Me la llevé a Nassau a morir. Dedicó su último año de vida a montar en un carrito de golf con una enfermera a cada lado, y pasear viendo las flores y los jardines. Lo único coherente que repetía era:

– Quiero que me entierren en Santo Domingo.

Cuando supe que se acercaba el día de su muerte, intenté asegurarme de que sería enterrada donde quería. Pero no existen pequeños jets privados que uno pueda alquilar para llevar un féretro. Para eso es necesario alquilar un avión de veinte personas y meterlo ahí. Existía la posibilidad de hacer el viaje vía Estados Unidos, pero no era muy tentador multiplicar los papeleos y los viajes con un cadáver y un ataúd. Alguien sugirió que la llevásemos en una bolsa negra, como las que usan en la guerra, pero eso me parecía horrendo.

La decisión final fue llevarla antes de morir. Ahora bien, entre Nassau y Santo Domingo no había vuelos comerciales, ni ella estaba en condiciones de soportarlos. Mi hijo tiene un avión privado pero nunca lo ofreció. Tuvimos que alquilar una avioneta y un enfermero con oxígeno.

Cuando ya todos los papeles estaban listos y el avión preparado en la pista de aterrizaje, el piloto se me acercó para advertirme que, si ella moría durante el vuelo, habría que llevarla al puerto más cercano, Puerto Rico. Tuvimos que contratar a un médico también, porque sólo así la dejarían llegar a Santo Domingo.
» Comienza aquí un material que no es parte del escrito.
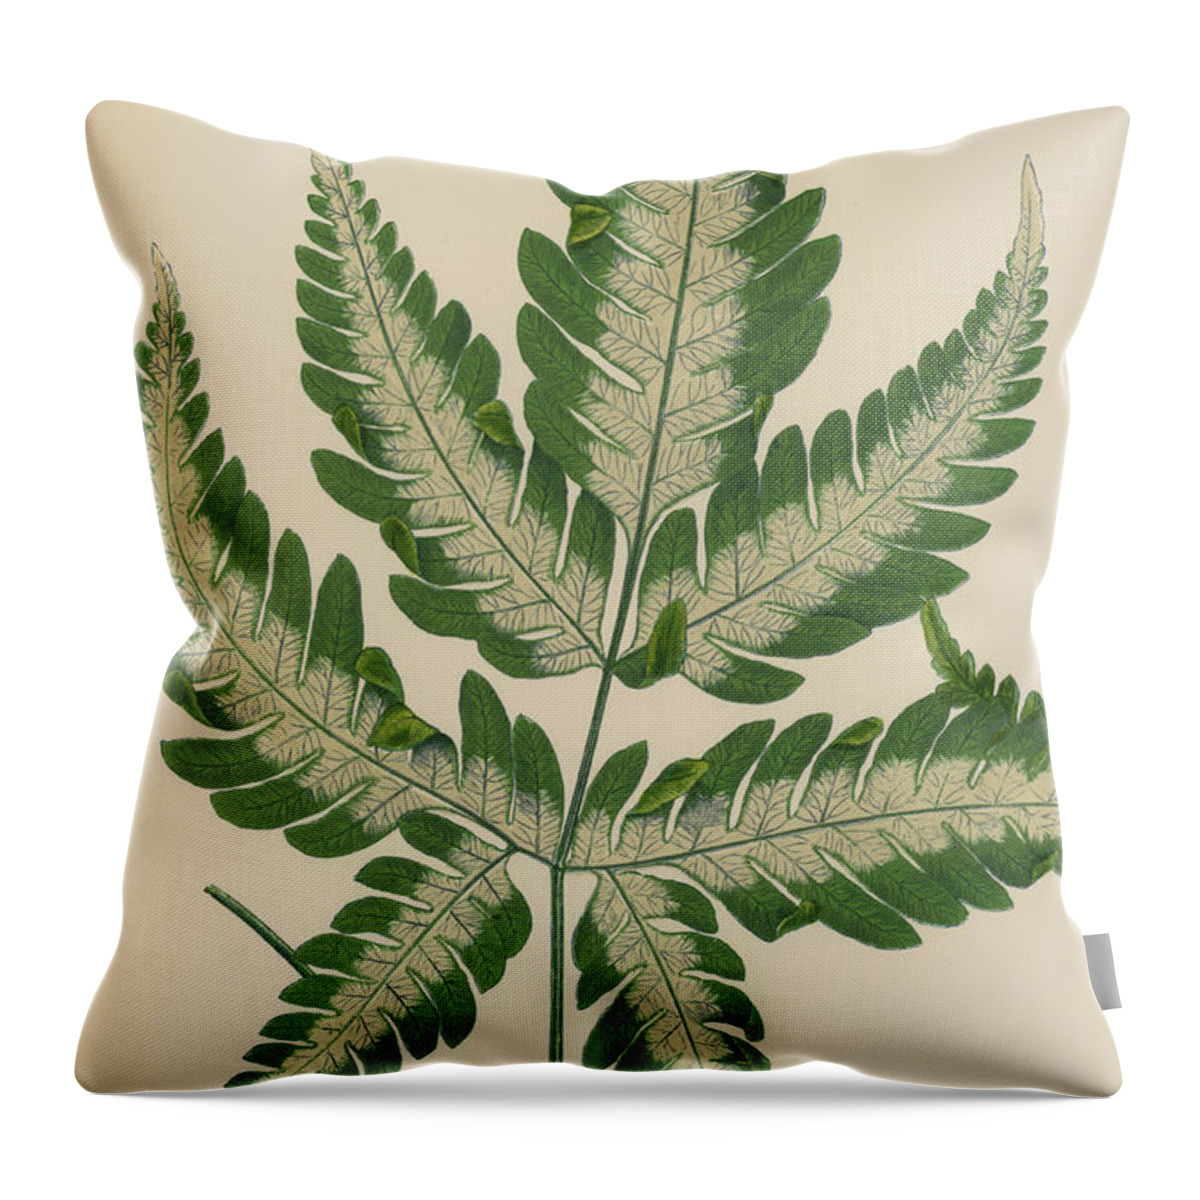 Fern Throw Pillow featuring the painting Brake Fern by English School

Dos horas después de su llegada, mamá finalmente falleció.

Lo hizo en paz, estoy segura. De su muerte guardo un palomar gigantesco, donde continúan reproduciéndose las palomas que compré para soltar el día del funeral. Y guardo también el recuerdo de mi hijo. Entró al cementerio cuando la tumba ya se había cerrado, pasó a mi lado y me miró como si jamás me hubiera visto antes. Mi hijo. La palabra ya me suena extraña.

Ahora, todos esos rostros desfilan ante mí. Algunos están borrosos. Se han ido evaporando, dejando sólo un vaho sucio y húmedo, como el aire de Santo Domingo. Otros, como el de mi madre, permanecen en mi retina como un reclamo sin resolver.

A comienzos de los ochenta, en un restaurante de Londres, me quedé mirando a una niña muy mona de la mesa de al lado. Cuando ya me iba, me acerqué a saludarla y a decirle lo linda que era. Le pregunté su nombre. Era mi nieta. Ni entonces ni hoy sería yo capaz de reconocerla.